Por estas y otras razones, conviene que, si decidimos poner en marcha esta actividad, vayamos algo más allá de su función motivadora y evitemos quedarnos en el puro activismo, no limitándonos a montar el acuario y a organizar su mantenimiento, por parte de los alumnos. Ir más lejos puede suponer la posibilidad de utilizar el acuario marino como un recurso transversal, en el Área de Ciencias de la Naturaleza, en diversos cursos y asignaturas; no sólo en la enseñanza obligatoria, sino también en el bachillerato (Ciencias de la Naturaleza, Ecología, Recursos Naturales de Andalucía, C-T-S, etc).
Para iniciar el montaje, será necesario tomar decisiones, en relación a cómo reproducir, entre cuatro paredes de cristal, un ecosistema determinado (qué seres vivos introducir y en qué cantidad, cómo reproducir el lugar en el qué viven, etc).
Esta situación podemos aprovecharla para que los alumnos participen en la toma de decisiones y se vean en la necesidad, a través del trabajo en pequeños grupos, de plantear y resolver problemas (en principio, parece más apropiado hablar de problemas que de investigaciones, para este tipo de actividades); cómo tratar de reproducir, en el acuario, lo que ven en el mar.

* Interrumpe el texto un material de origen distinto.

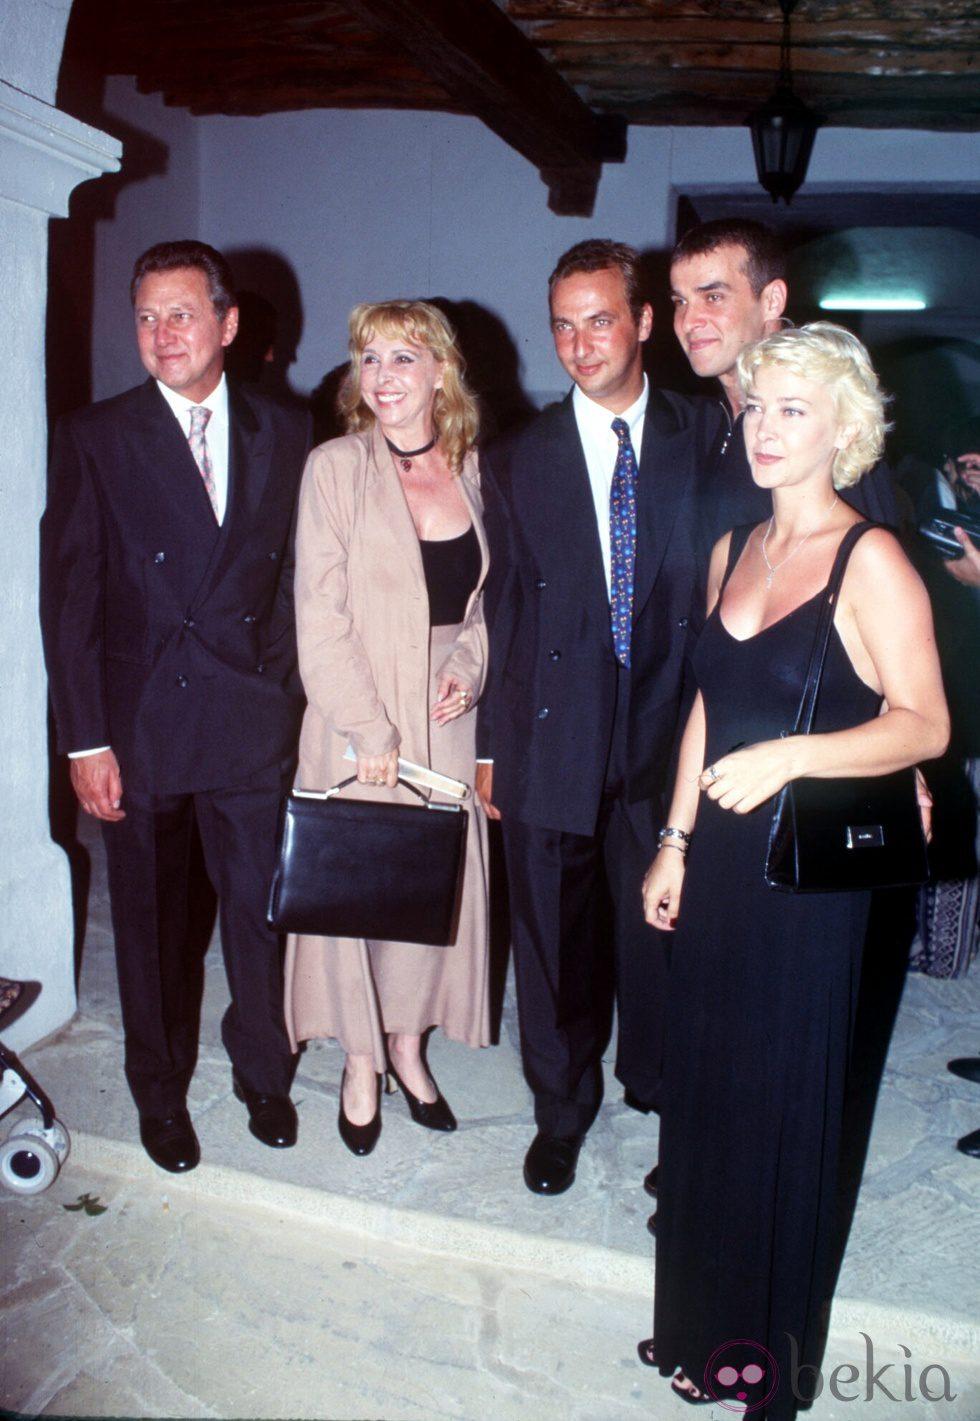 Los Larrañaga en la boda de Pedro Larrañaga en 1996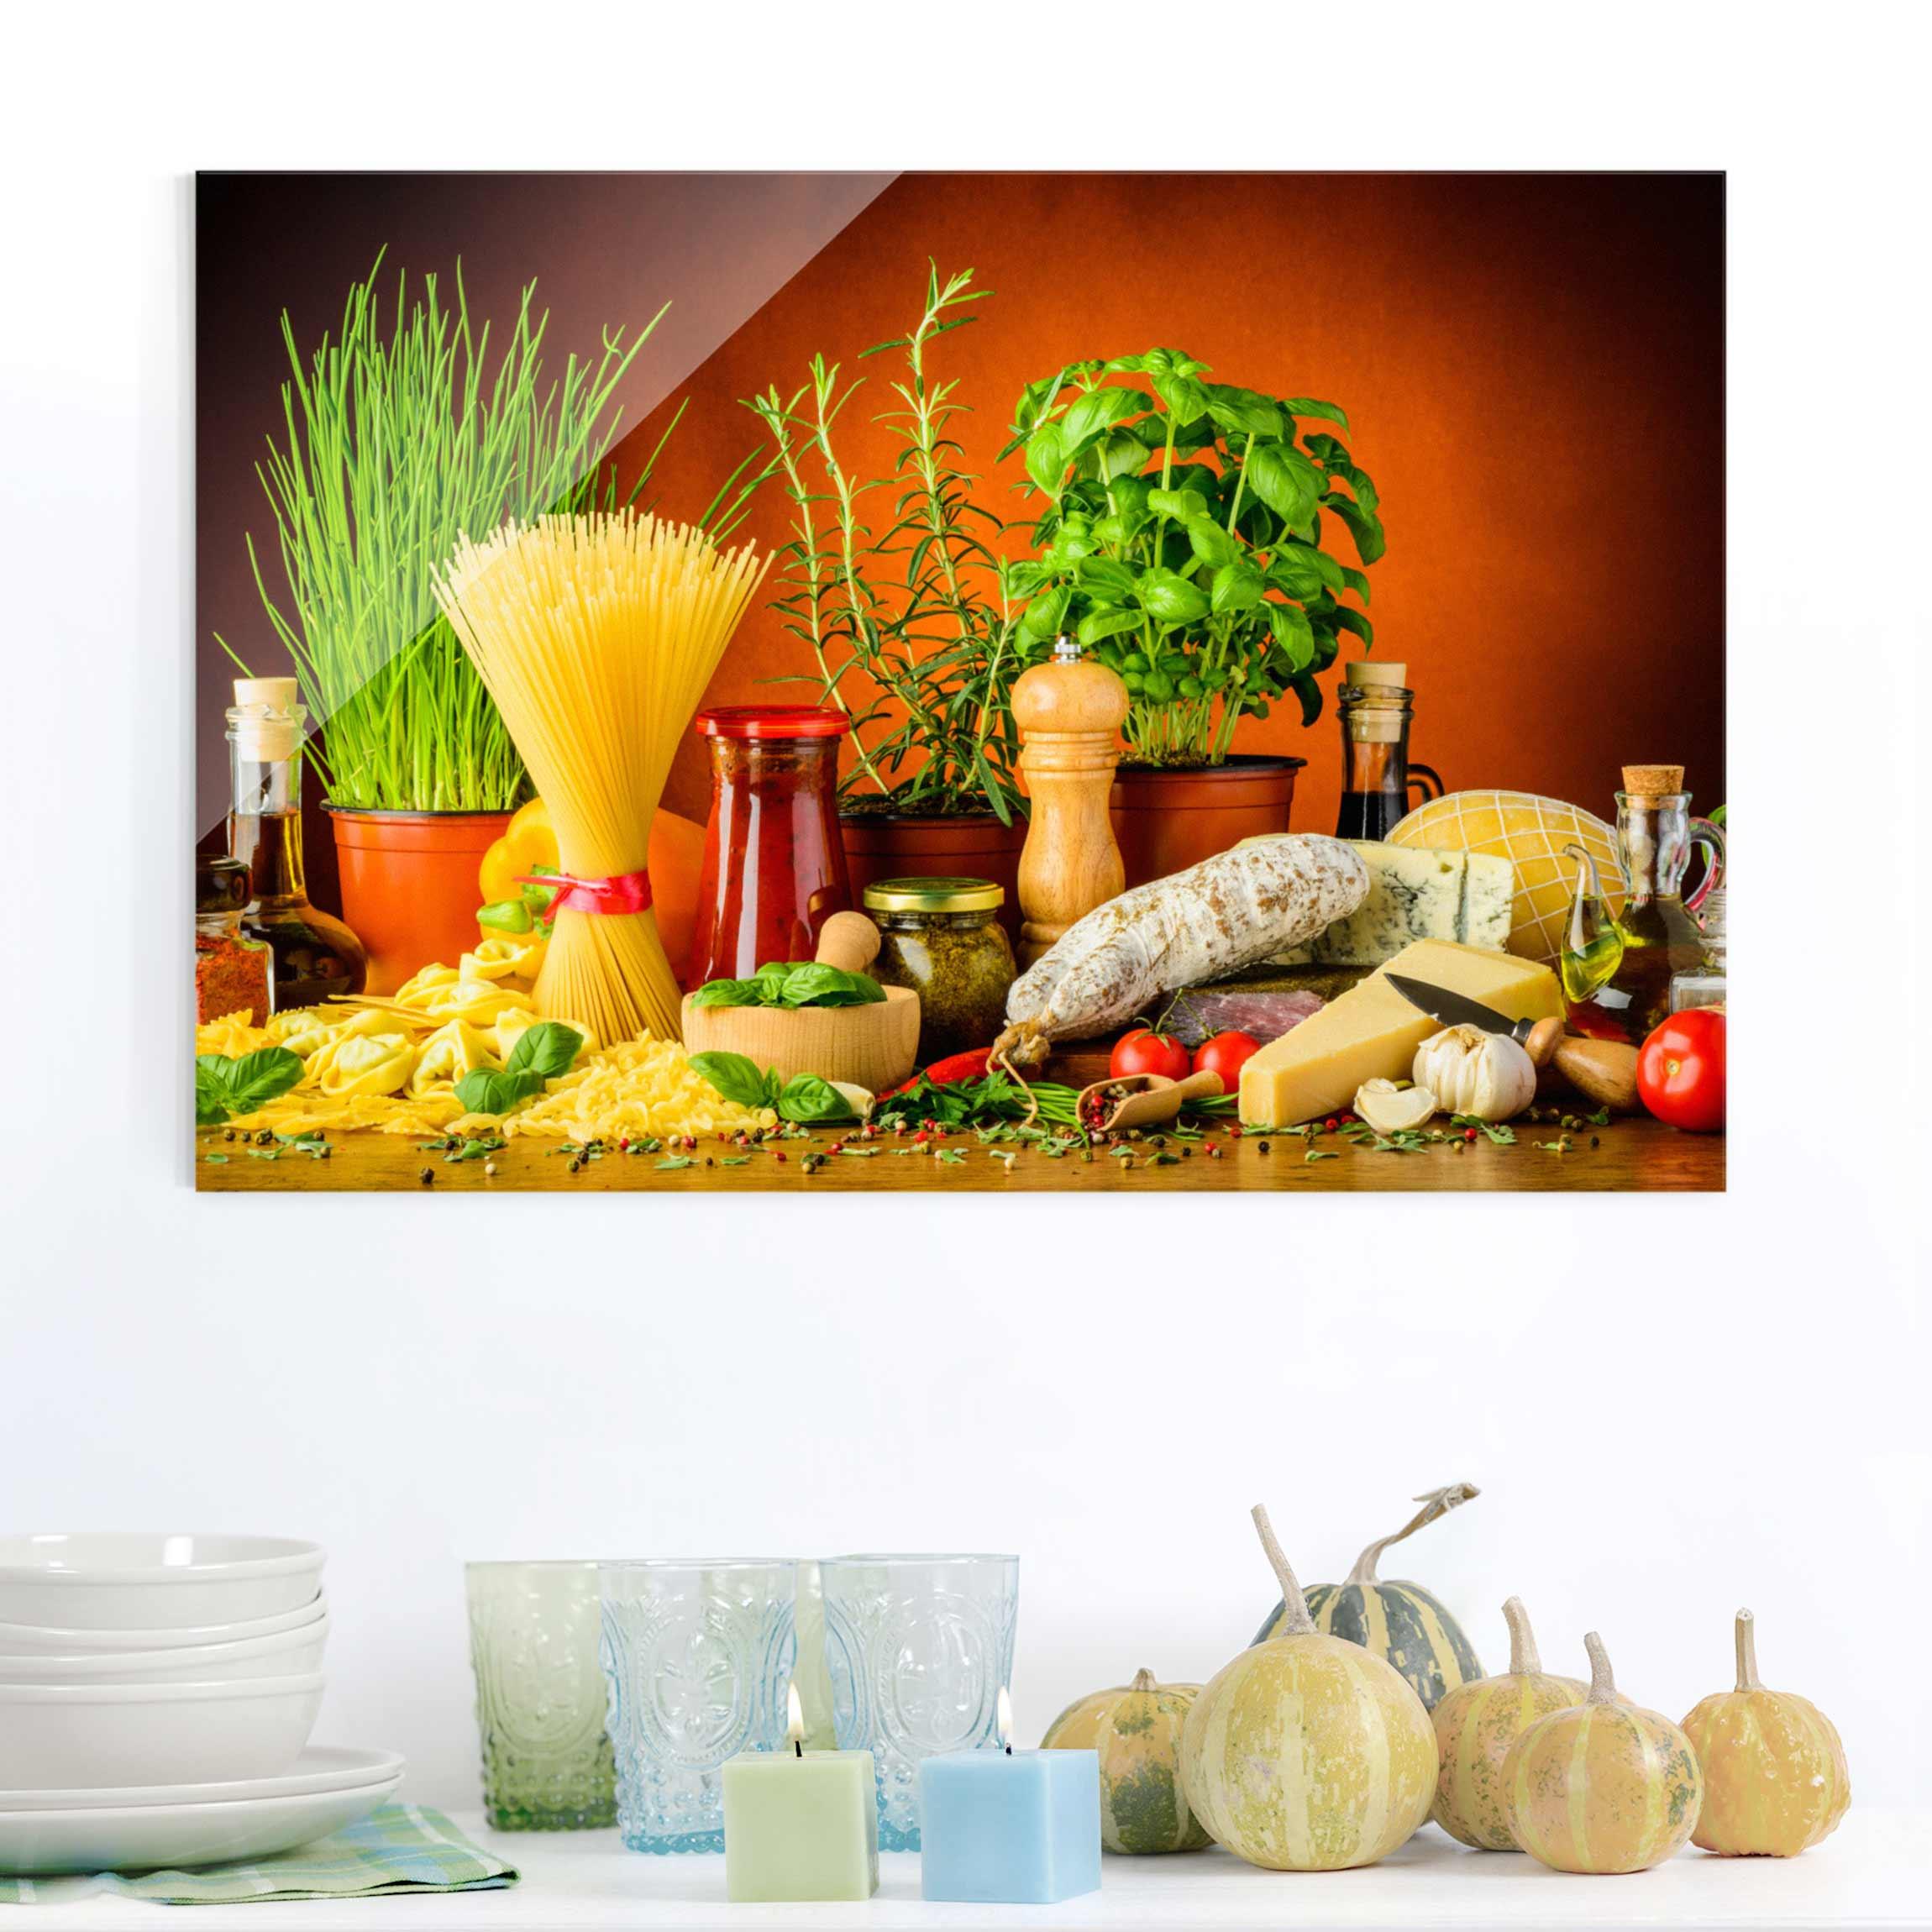 Full Size of Glasbild Küche 80 X 40 Glasbilder Küche Glasbild Küche Apfel Wand Glasbilder Für Küche Küche Glasbilder Küche

A partir de esta situación problemática inicial, se podrán seguir planteando problemas derivados, muchos de ellos relacionados con el mantenimiento, como los siguientes:
- La depuración y la oxigenación del agua.
- El aumento de la salinidad por la evaporación del agua.
- La alimentación en el acuario: ¿quién se come a quién? ¿por qué hemos de echar comida? La nutrición de diferentes especies.
- Factores limitantes:¿por qué mueren antes los individuos de determinadas especies, cuando se ³deteriora² el agua?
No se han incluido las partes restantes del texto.